━━━ SOURCE DATA ━━━

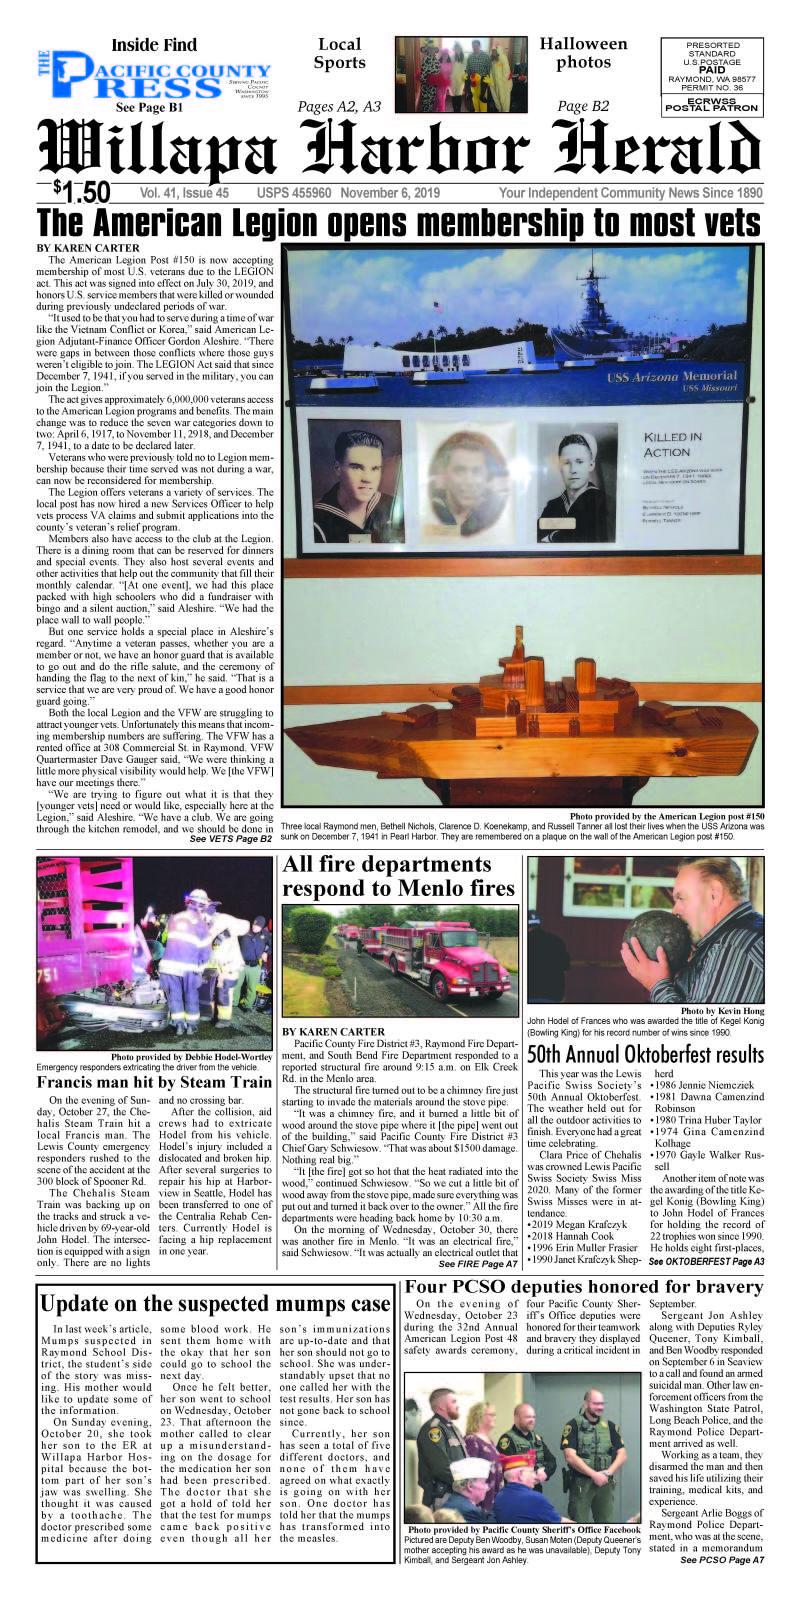 November 6, 2019 Willapa Harbor Herald and Pacific County Press
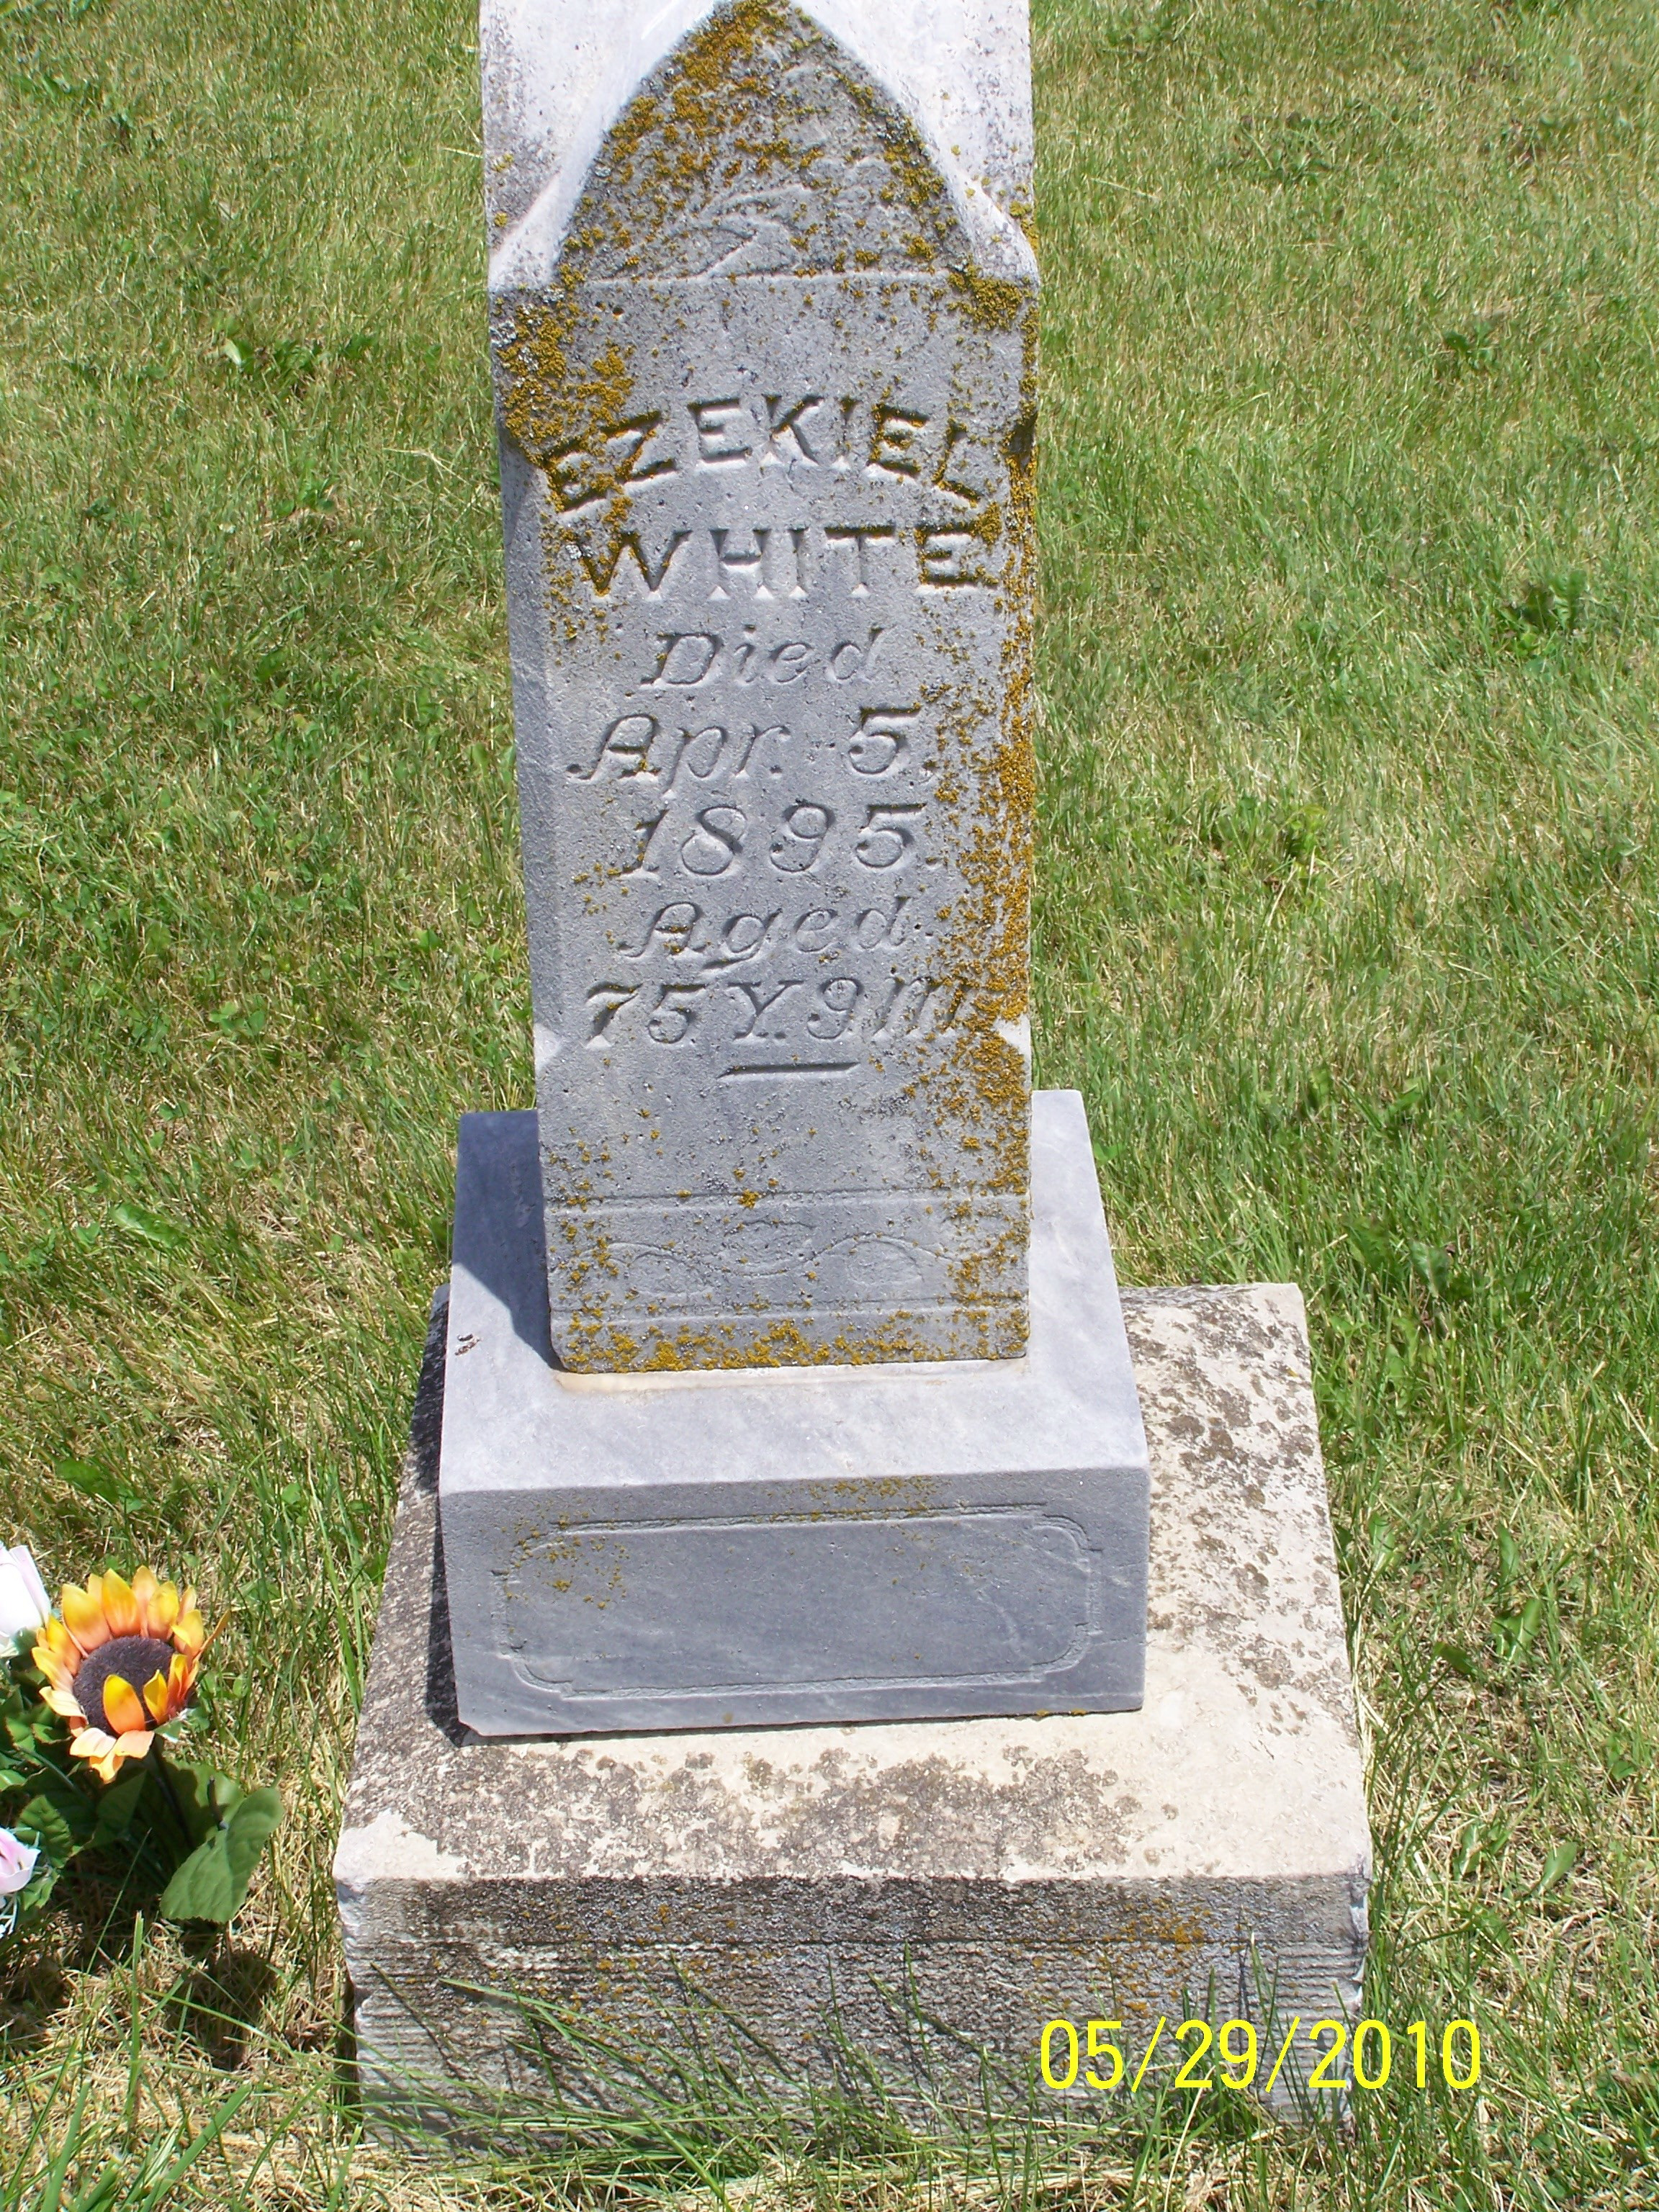 Ezekiel White
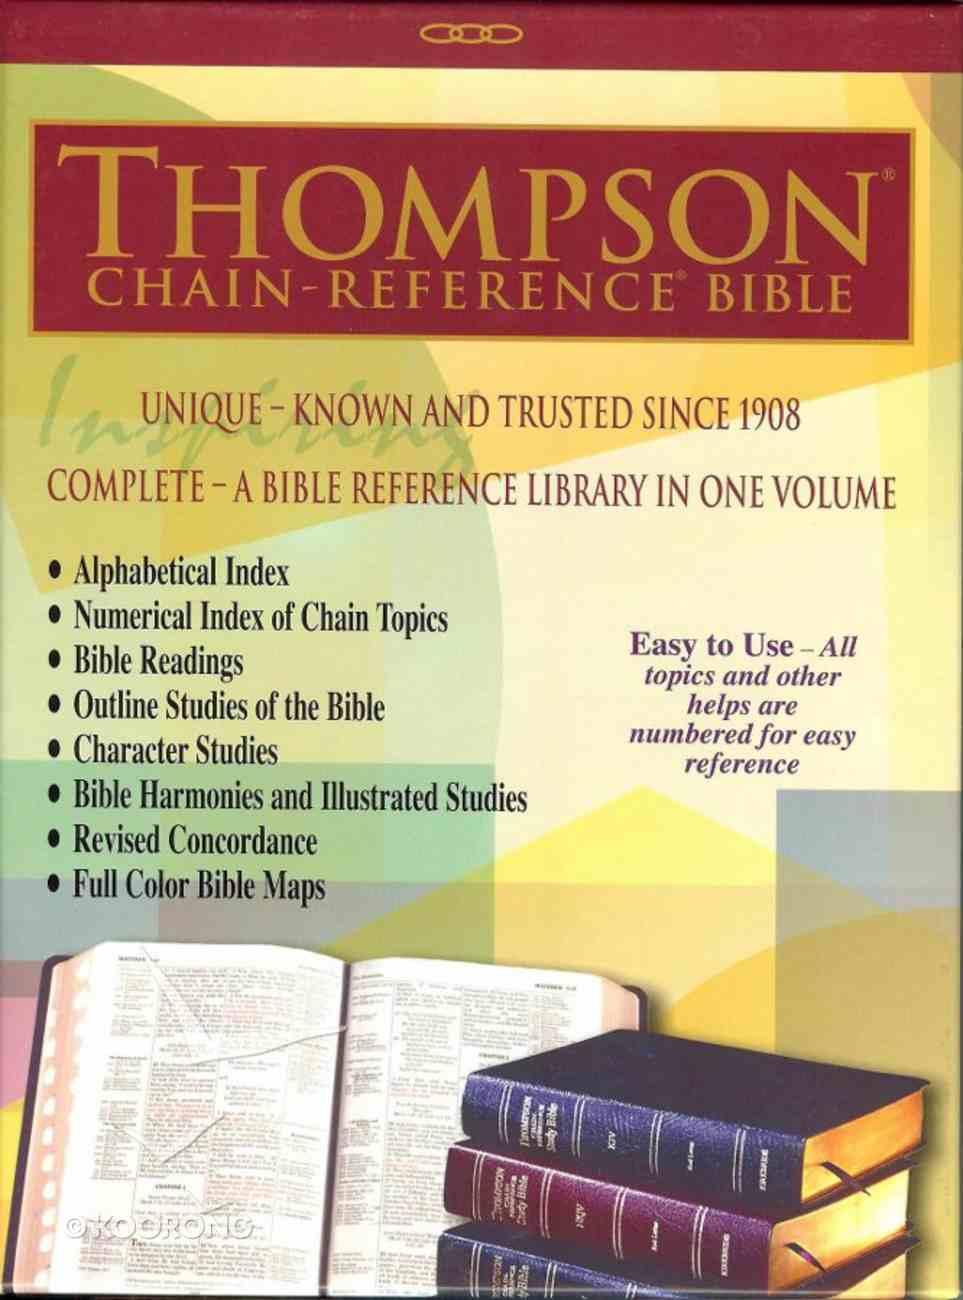 KJV Thompson Chain-Reference Bible Black Genuine Leather
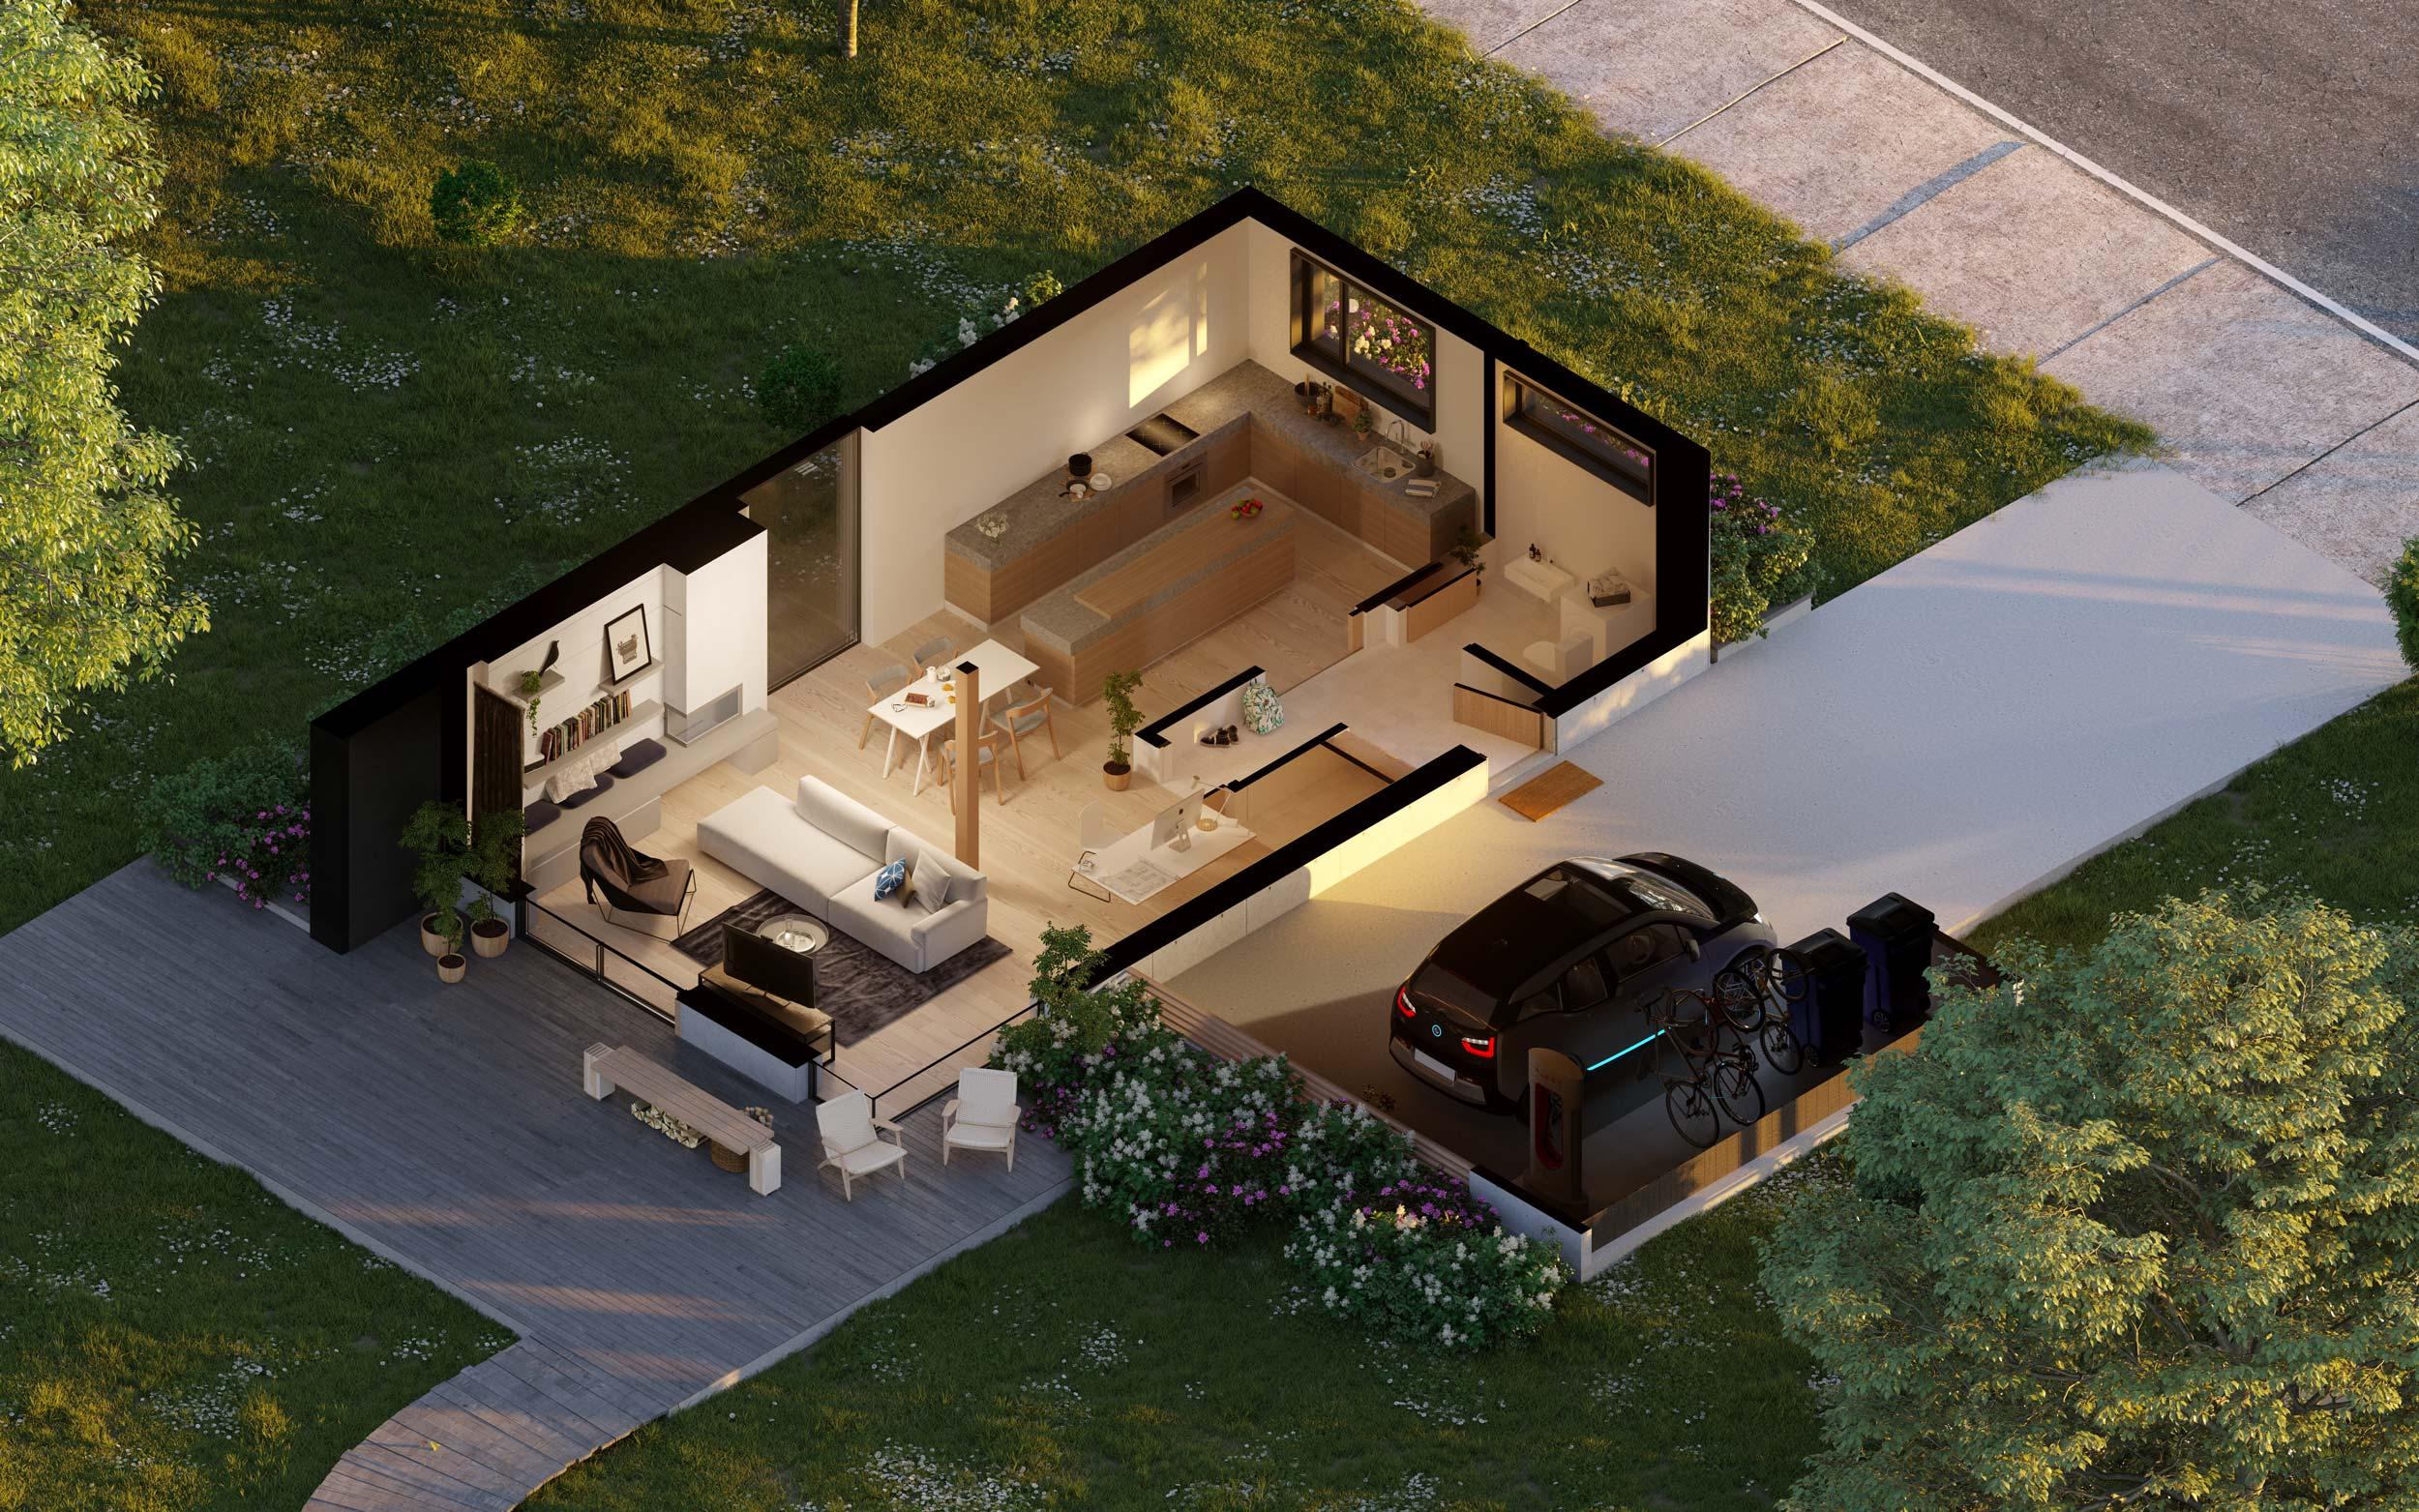 Alex-Kaiser-Different-Ground-Floor-plan-visualisaiton-CGI-London-05.jpg

━━━

» **ACTIVITY**: The data needs to be reproduced exactly, please, apart from its pictures.

» **PROBLEM SOLUTION**:
 November 6, 2019 Willapa Harbor Herald and Pacific County Press
 Ezekiel White
 KJV Thompson Chain-Reference Bible Black Genuine Leather
 Alex-Kaiser-Different-Ground-Floor-plan-visualisaiton-CGI-London-05.jpg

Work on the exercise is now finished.